=== Begin Enclosure ===

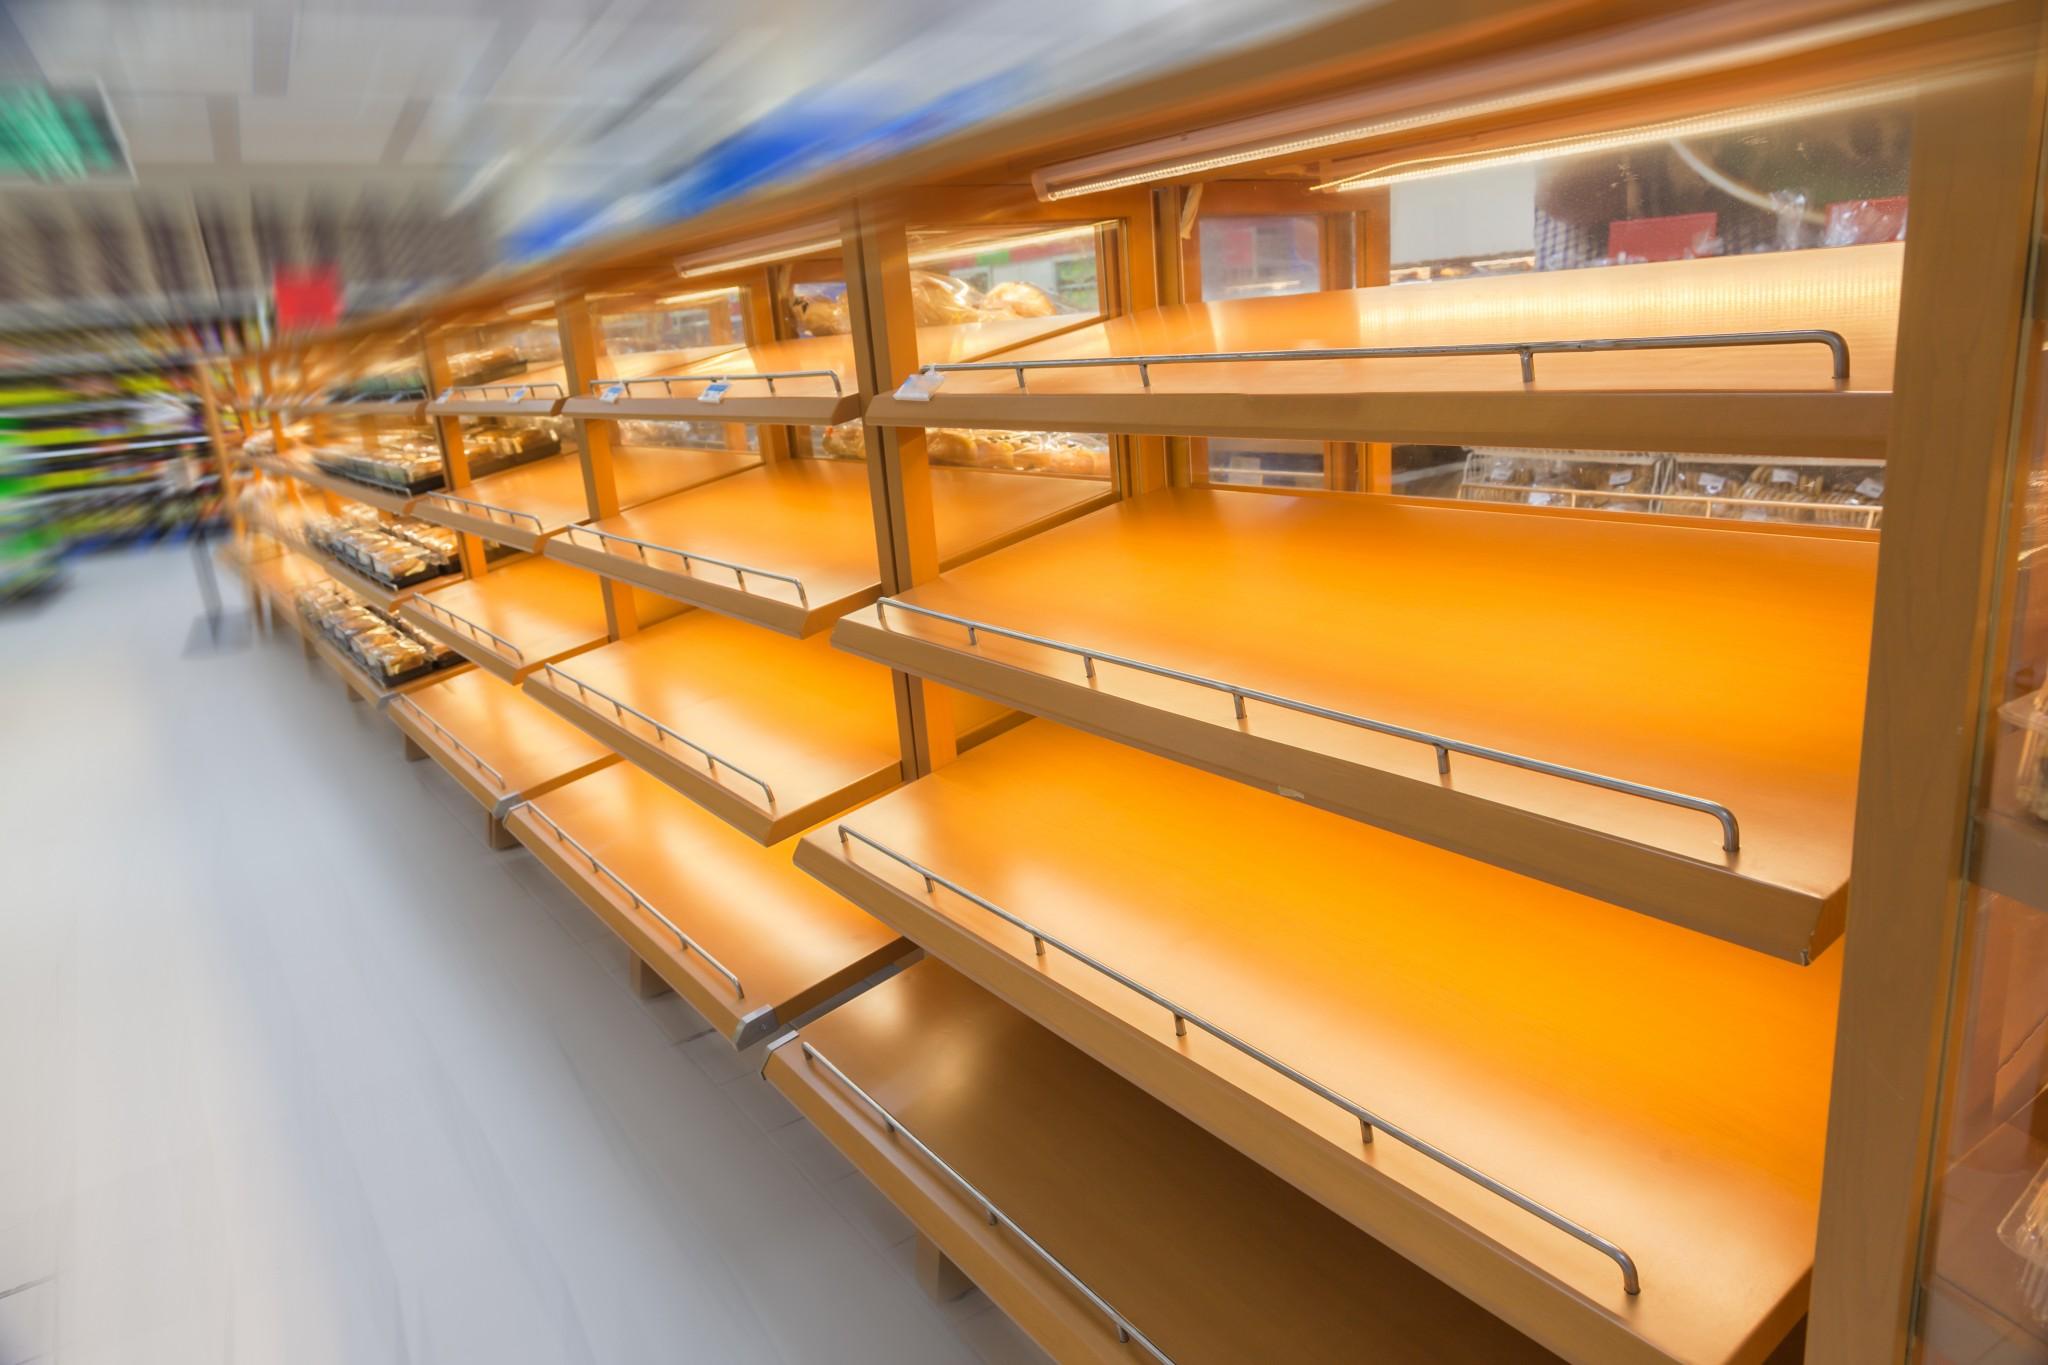 Weekly economic news roundup and Venezuela's food shortages
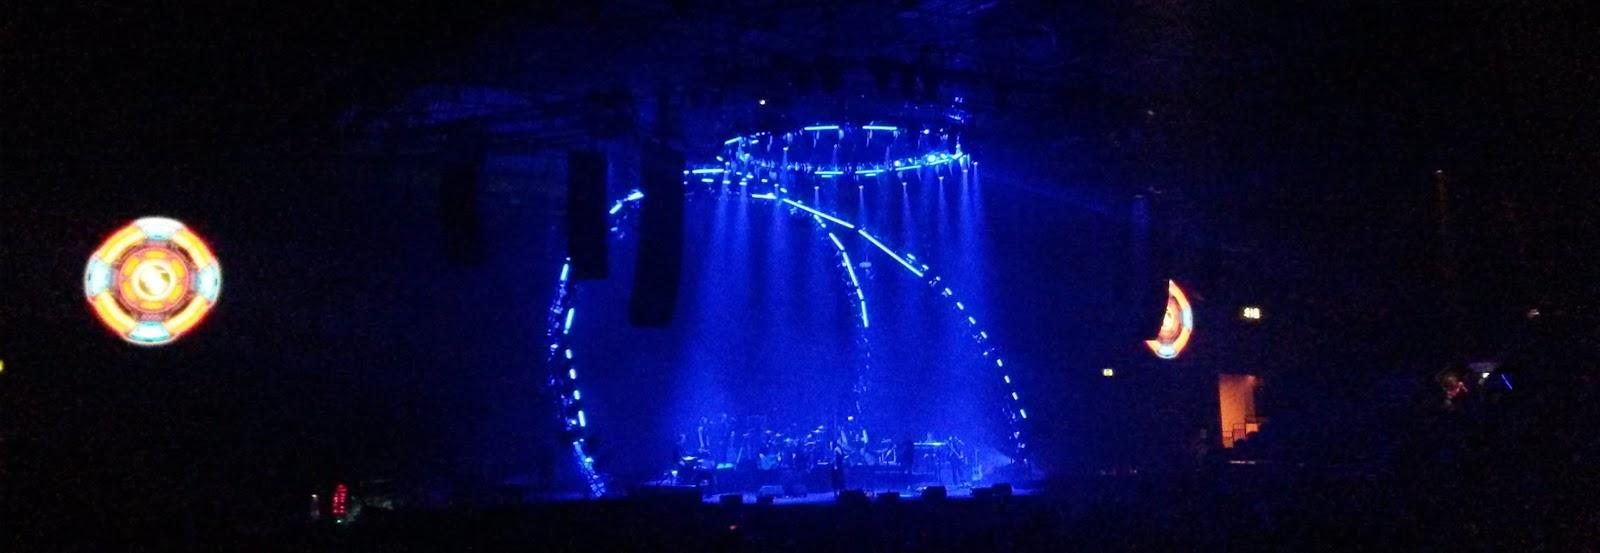 elobeatlesforever: Caught Live [2]: Jeff Lynne's ELO
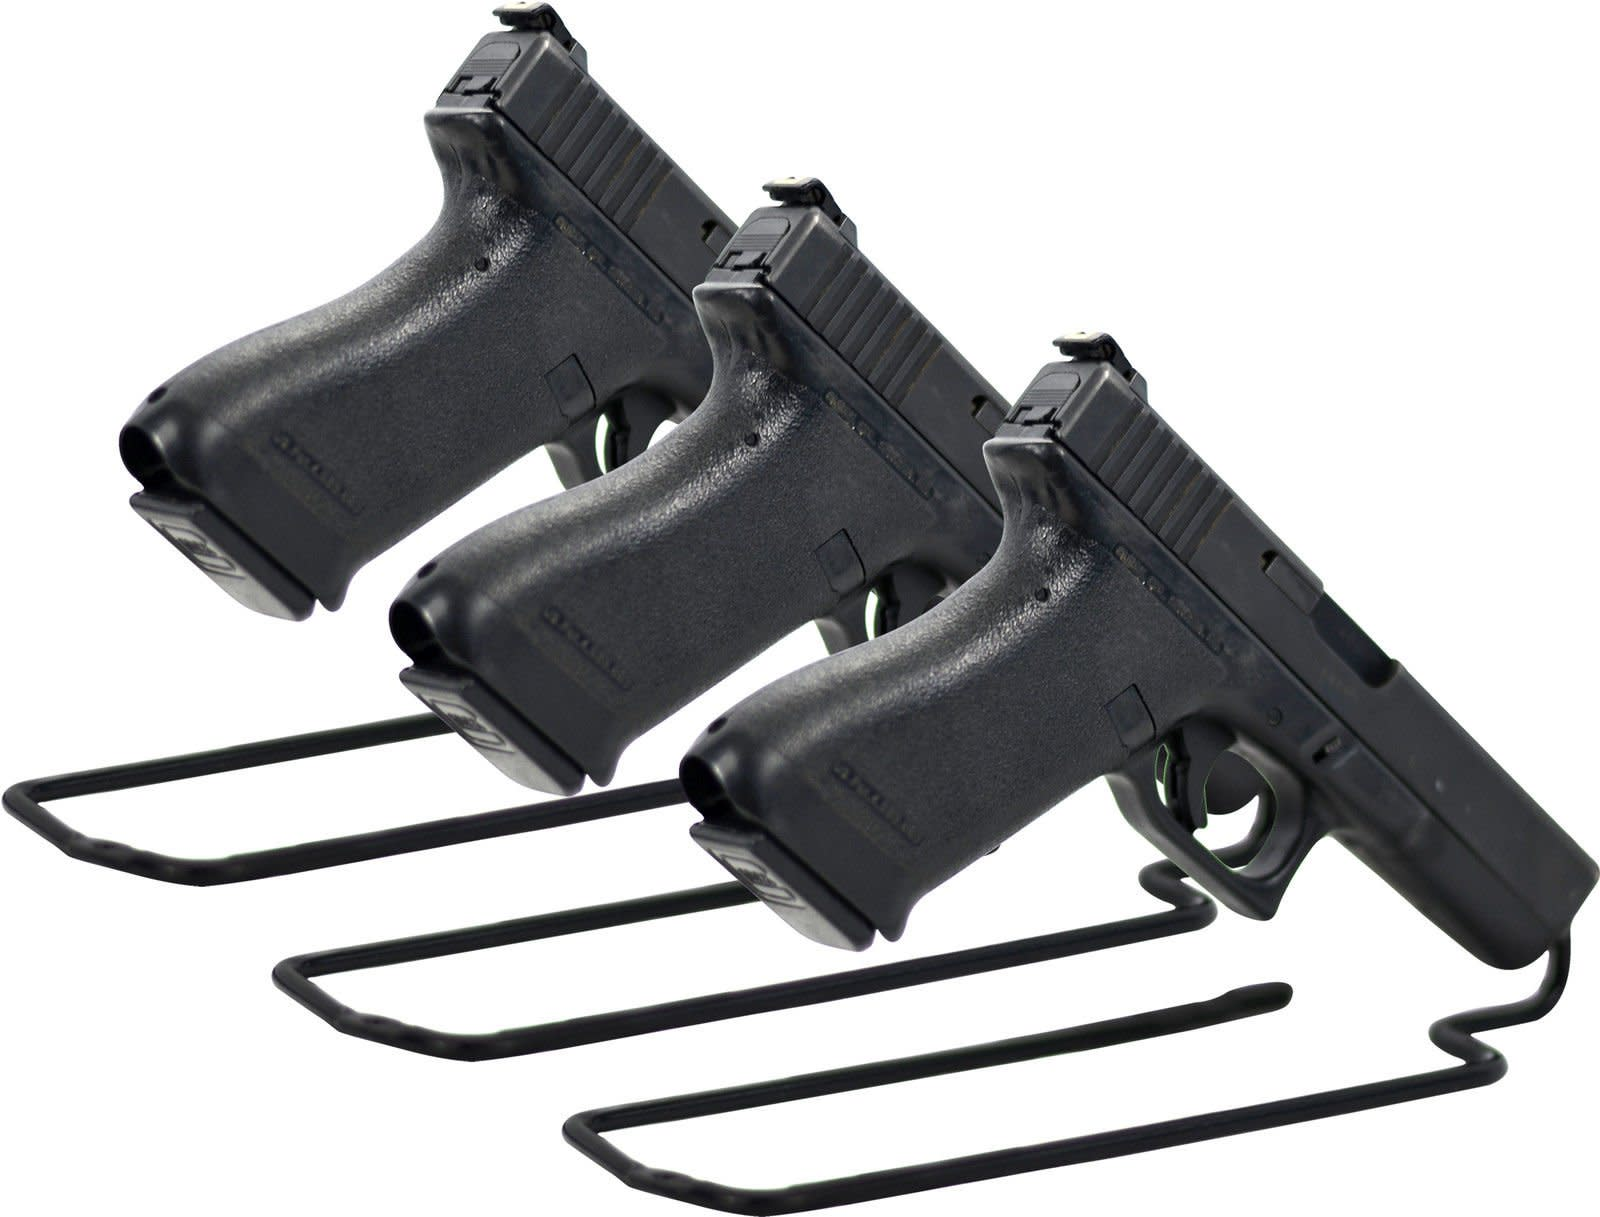 display stand pistol
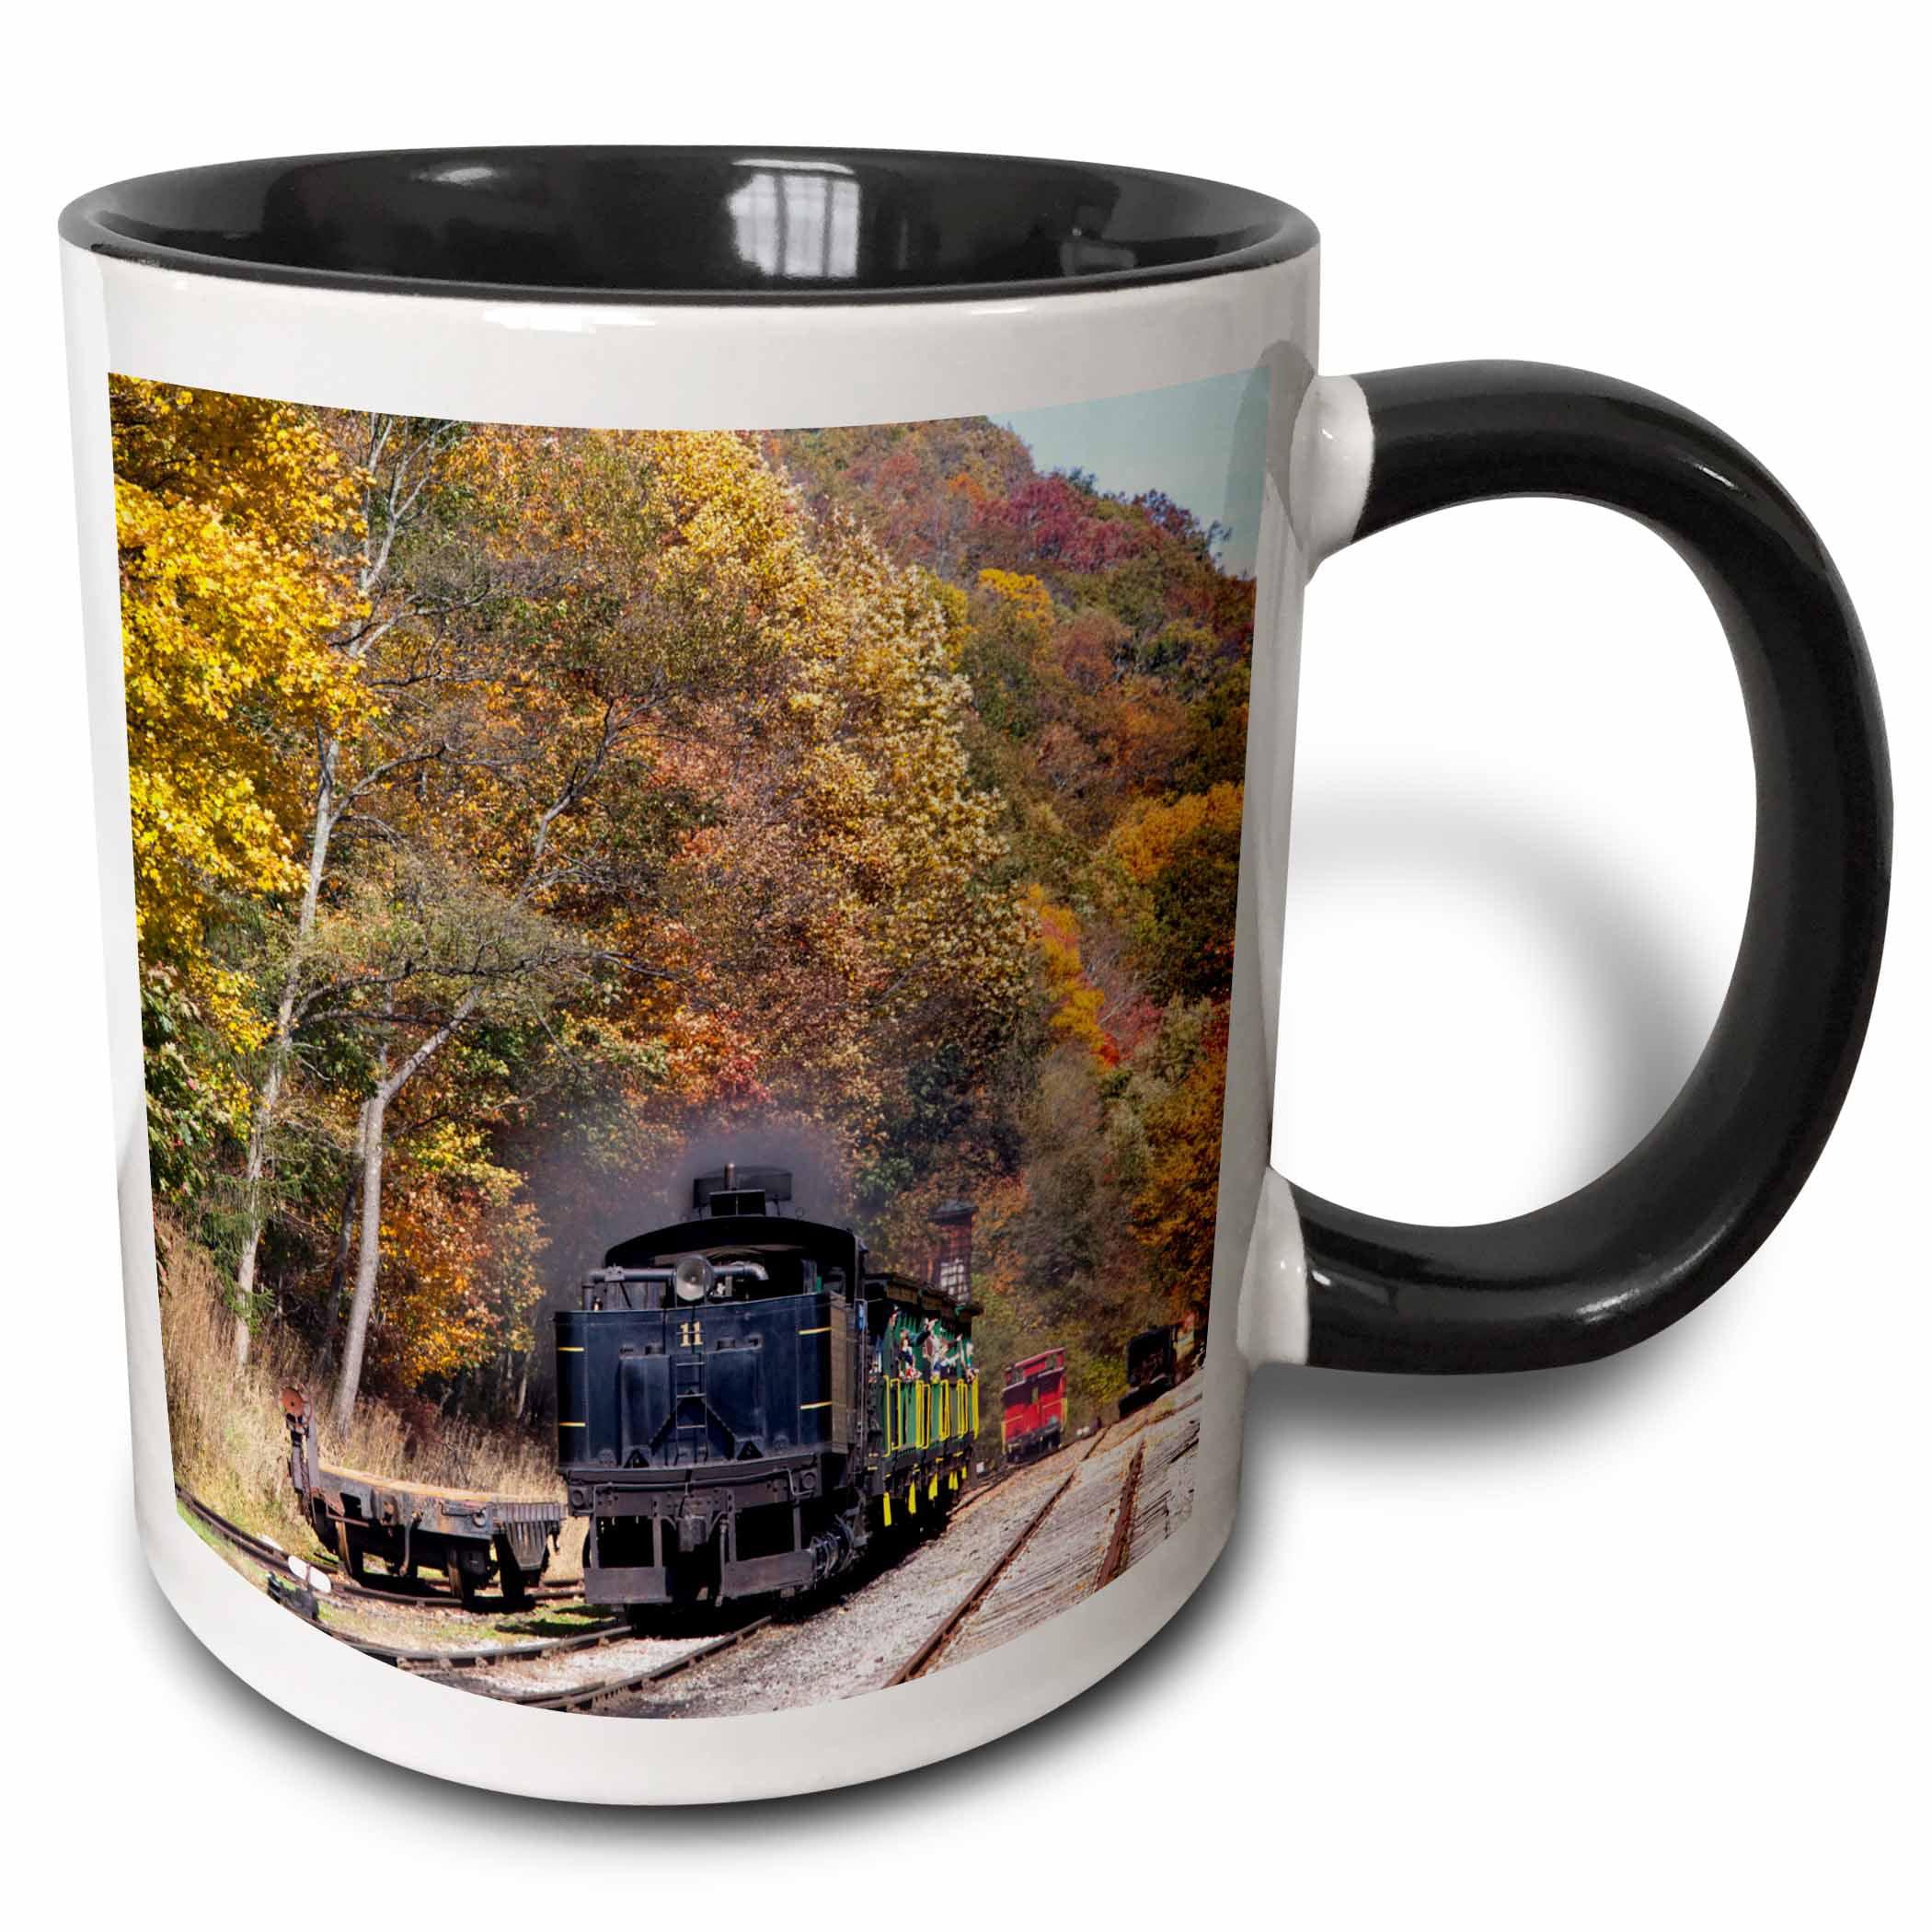 3dRose West Virginia, Cass Scenic Railroad, Steam train - US49 WBI0030 - Walter Bibikow, Two Tone Black Mug, 11oz

=== End Enclosure ===

An exact copy of the listing is needed, minus its pictures.

 Weekly economic news roundup and Venezuela's food shortages
 elobeatlesforever: Caught Live [2]: Jeff Lynne's ELO
 display stand pistol
 3dRose West Virginia, Cass Scenic Railroad, Steam train - US49 WBI0030 - Walter Bibikow, Two Tone Black Mug, 11oz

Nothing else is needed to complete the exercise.